Comparative example 4

Prepare ethylene-propylene copolymer P by the method for comparative example 1, that different is the VOCl with 0.03mL (0.32mmol) ₃replace VO (acac) ₃, reaction result is in table 1.

Comparative example 5

Prepare ethylene-propylene copolymer Q by the method for comparative example 1, different is the activation promotor ethyl trichloroacetate (ECTA) that adds 0.2mL (1.44mmol) in reaction system, and reaction result is in table 1.

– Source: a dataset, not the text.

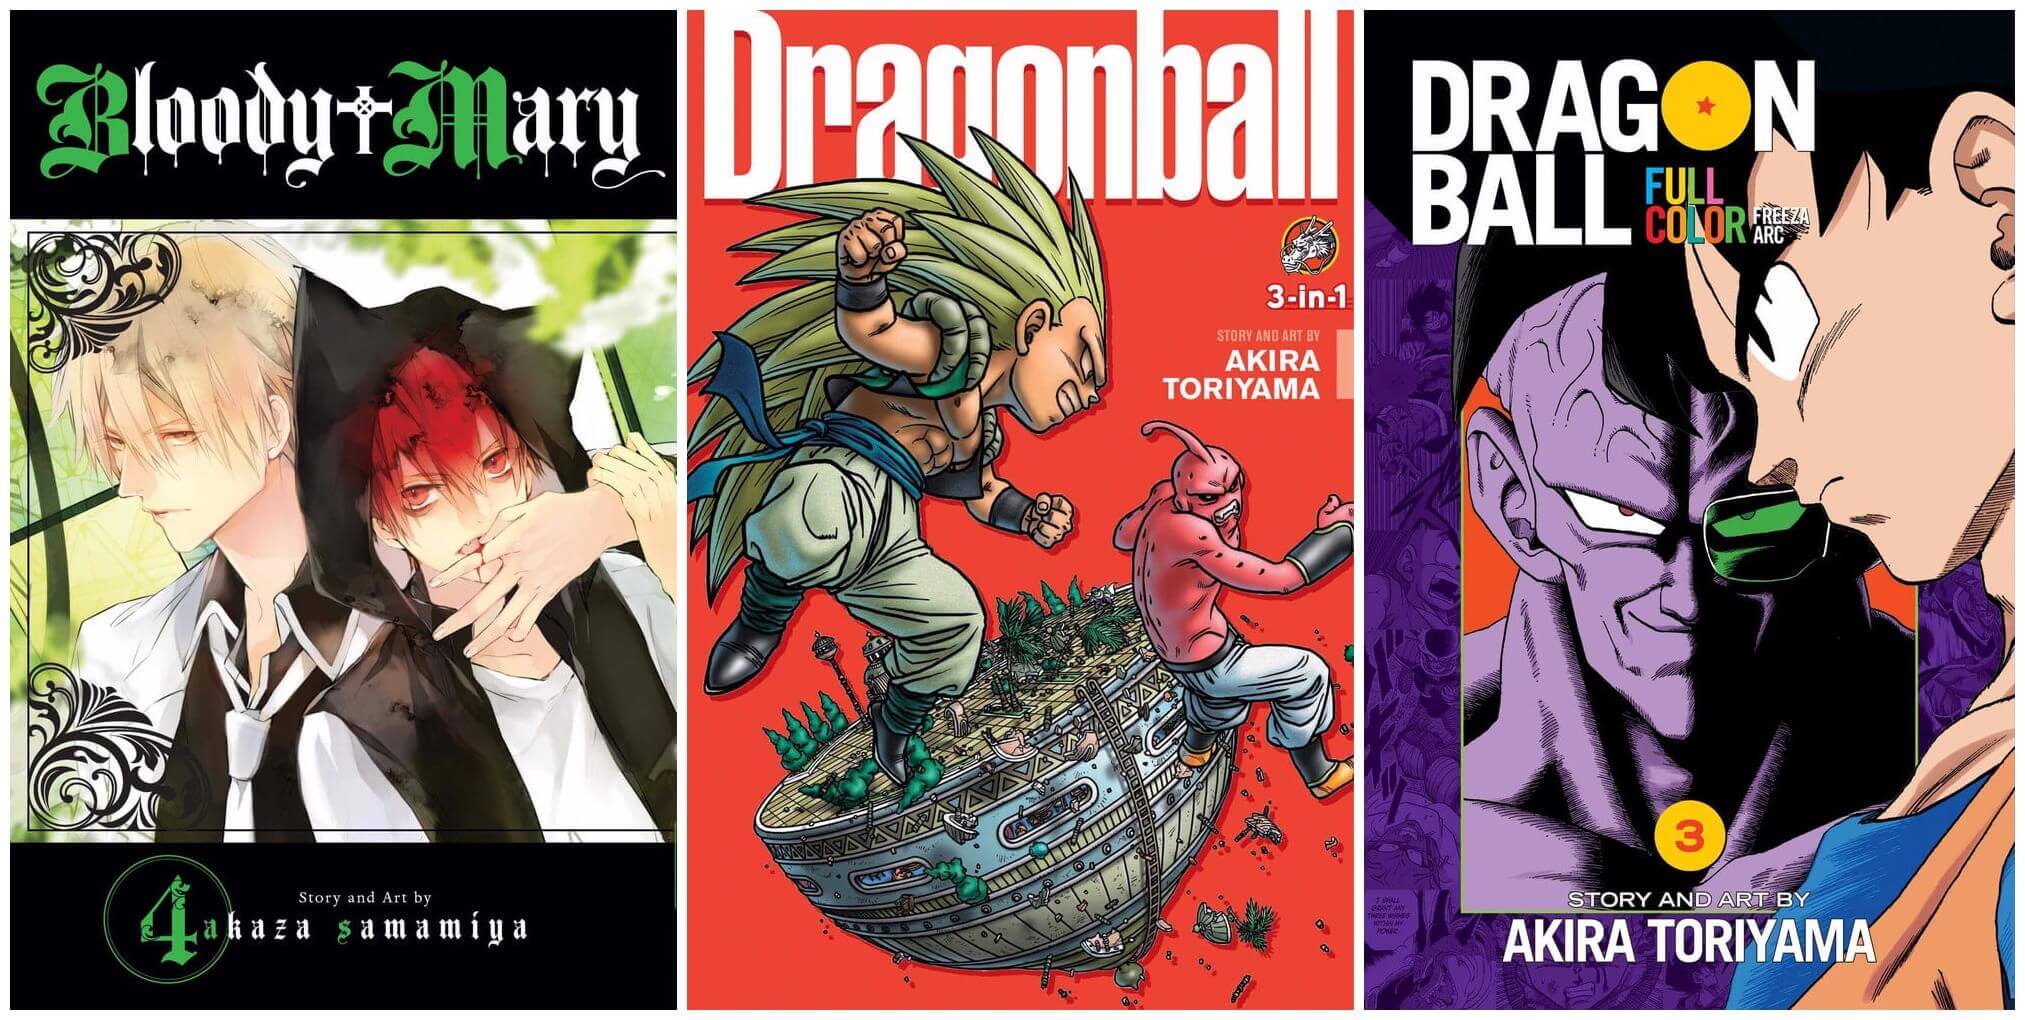 September 2016 Manga Releases Covers for Bloody Mary, Dragon Ball 3-in-1 Edition, and Dragon Ball Color.

From table 1 data, use alkyl trichlorosilane of the present invention, than the reaction that uses other alkyl chlorinated silane as activation promotor, catalyst activity obtains raising by a relatively large margin, and in the ethylene-propylene copolymer making, propylene content is higher.In addition, when the present invention uses boric acid ester for activation promotor, catalyst activity is also improved significantly, and in the ethylene-propylene copolymer making, propylene content also increases.

Table 1

Claims (10)

1. a second third copolymerization catalyst system, comprise vanadium compound, organo-aluminium compound and activation promotor, the mol ratio of V in Al and vanadium compound in described organo-aluminium compound is 10～200: 1, the mol ratio of V in activation promotor and vanadium compound is 1～50: 1, and it is R ' X that described activation promotor is selected from general formula ₃alkyl three halosilanes of Si or general formula are B (OR ") ₃boric acid ester, in described general formula, R ' and R " are selected from respectively C ₁～C ₄alkyl or C ₆～C ₈alkaryl, X is halogen, described vanadium compound is vanadium oxytrichloride or praseodynium vanadyl.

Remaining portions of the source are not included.